The Autism Diagnostic Observation Schedule (ADOS) is a standardized diagnostic test for diagnosing and assessing autism, now in its second edition as of 2012. It is considered to be a "gold standard" in diagnosing Autism Spectrum Disorder (ASD).

The protocol consists of a series of structured and semi-structured tasks, that involve social interaction between the examiner and the person under assessment. The examiner observes and identifies segments of the subject's behavior, and assigns these to predetermined observational categories. Categorized observations are subsequently combined to produce quantitative scores for analysis. Research-determined cut-offs identify the potential diagnosis of autism spectrum disorder, allowing a standardized assessment of autistic symptoms.

The Autism Diagnostic Interview-Revised (ADI-R), a companion instrument, is a structured interview conducted with the parents of the referred individual, and covers the subject's full developmental history. The ADI-R has lower sensitivity but similar specificity to the ADOS.

History 

The Autism Diagnostic Observation Schedule was created by Catherine Lord, Michael Rutter, Pamela C. DiLavore and Susan Risi in 1989. It became commercially available in 2001 through WPS (Western Psychological Services).

Method

The ADOS consists of a series of structured and semi-structured tasks, and generally takes from 30 to 60 minutes to administer.

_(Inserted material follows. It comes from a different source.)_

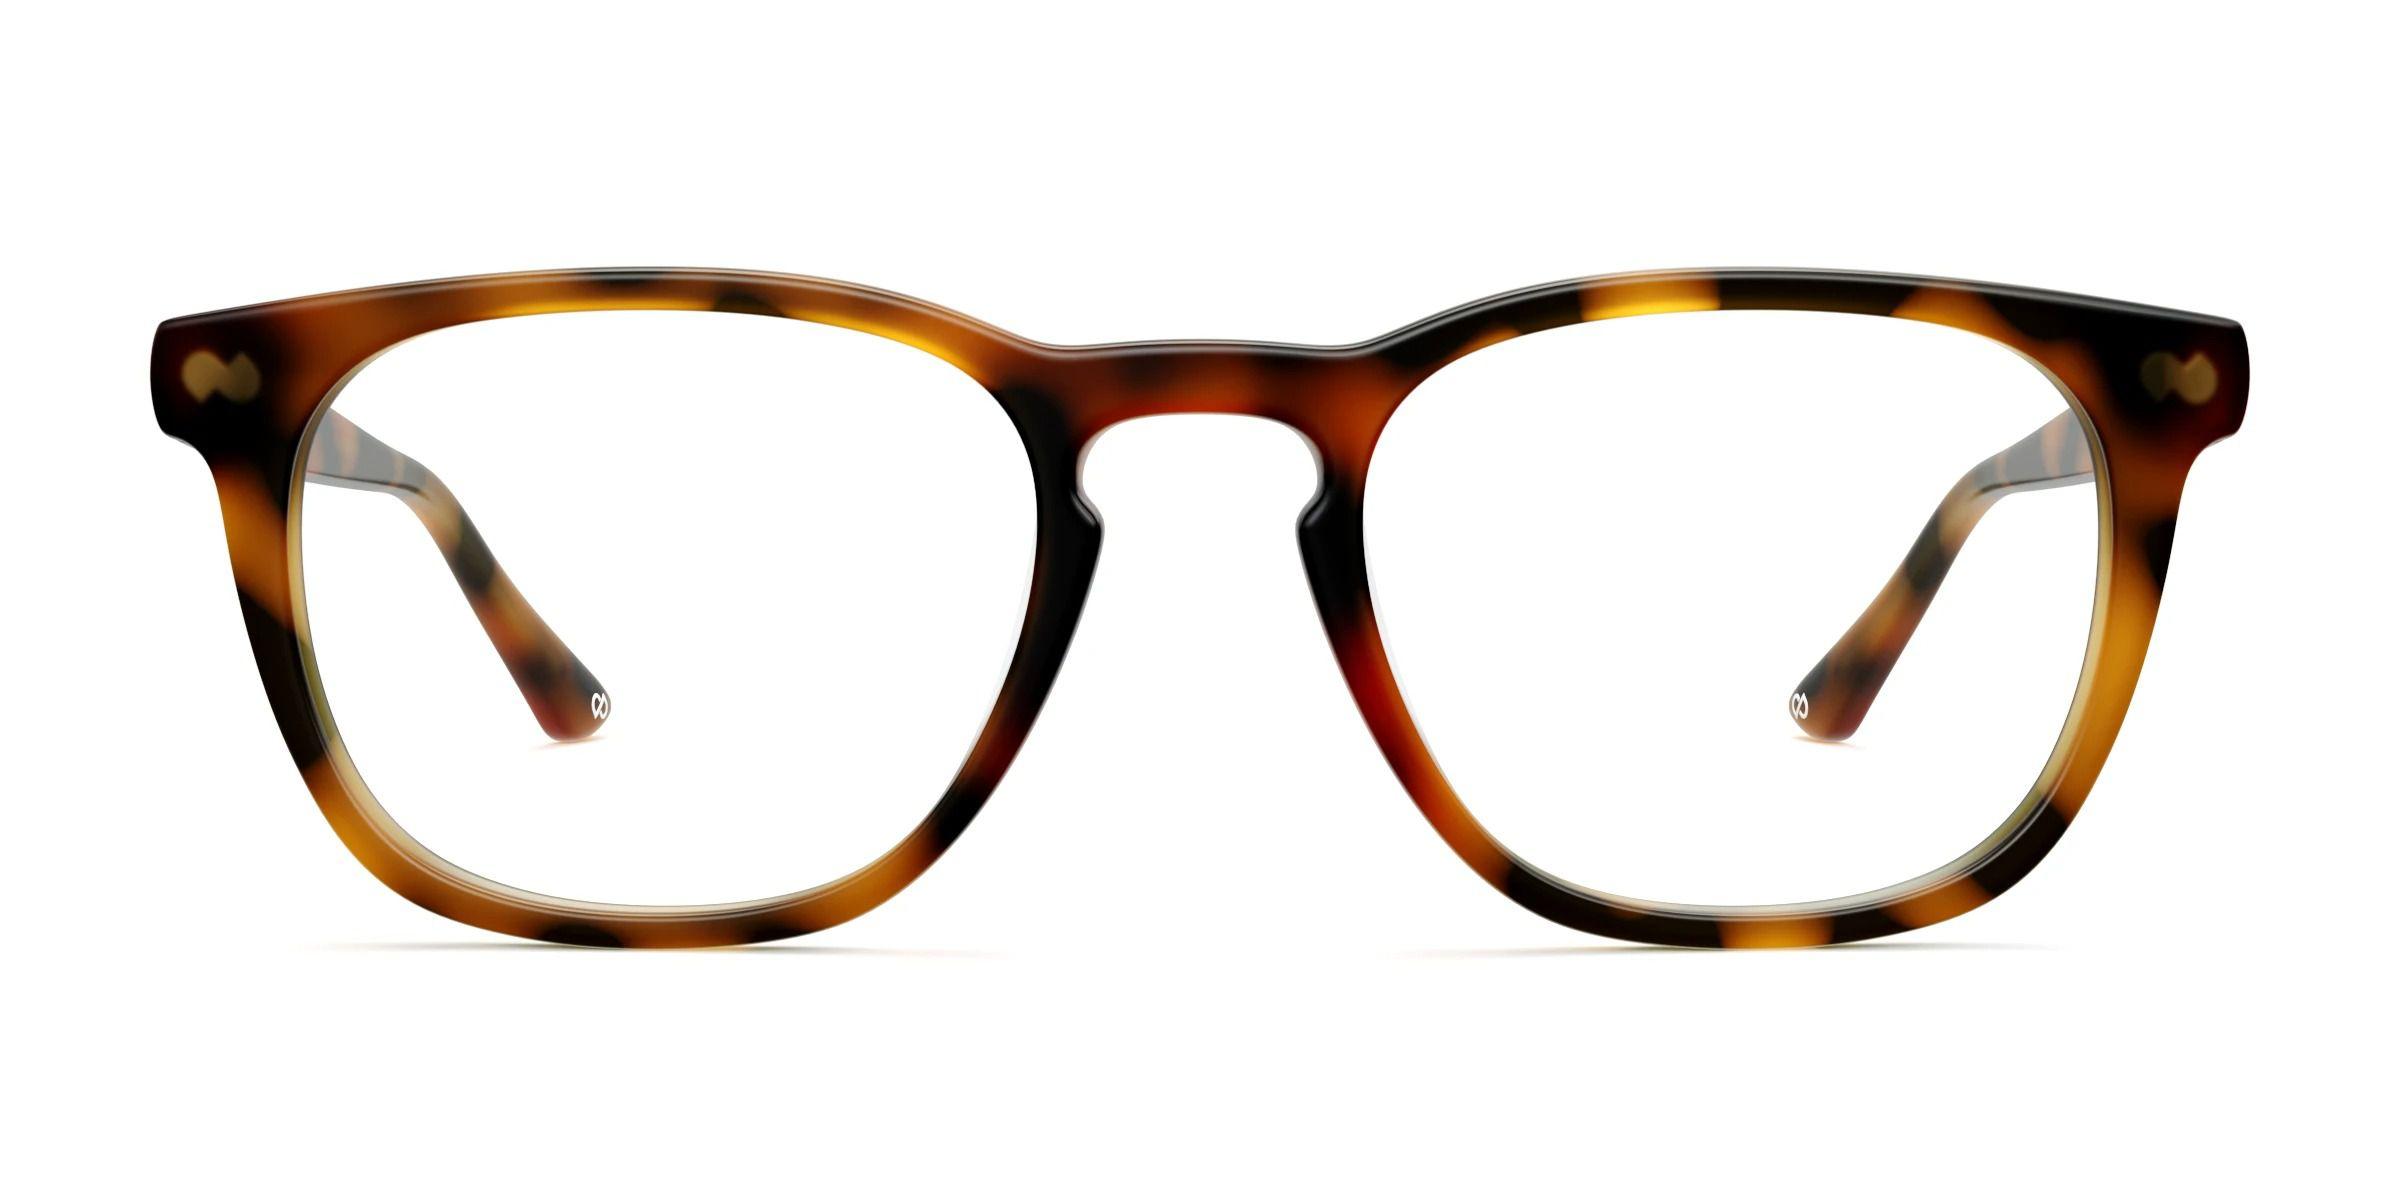 Pair Eyewear Twain

During this time, the examiner provides a series of opportunities for the subject to show social and communication behaviors relevant to the diagnosis of autism.

Each subject is administered activities from just one of five modules (T, 1, 2, 3, 4). The selection of an appropriate module is based on the developmental and language level of the patient. The only developmental level not served by the ADOS is that for adolescents and adults who are nonverbal. The ADOS should not be used for formal diagnosis with individuals who are blind, deaf, or otherwise seriously impaired by sensory or motor disorders, such as cerebral palsy or muscular dystrophy.

Modules

Module 1 is used with children who use little or no phrase speech. Subjects who do use phrase speech, but do not speak fluently, are administered Module 2. Since these modules both require the subject to move around the room, the ability to walk is generally taken as a minimum developmental requirement to use of the instrument as a whole. Module 3 is for children/adolescents who are verbally fluent, and Module 4 is used with older adolescents and adults who are verbally fluent. Some examples of Modules 1 or 2 include response to name, social smile, and free or bubble play. Modules 3 or 4 can include reciprocal play and communication, exhibition of empathy, or comments on others' emotions. A major difference between modules 3 and 4 is the reliance of module 4 primarily on questions and verbal responses (as opposed to actions during play).

Revision

A revision, the Autism Diagnostic Observation Schedule, Second Edition (ADOS-2), was released by WPS in May 2012. It includes updated norms, improved algorithms for Modules 1 to 3, and a new Toddler Module (T) that facilitates assessment in children ages 12 to 30 months.

Modules after revision  

 Toddler Module (12–30 months - does not speak in phrases) 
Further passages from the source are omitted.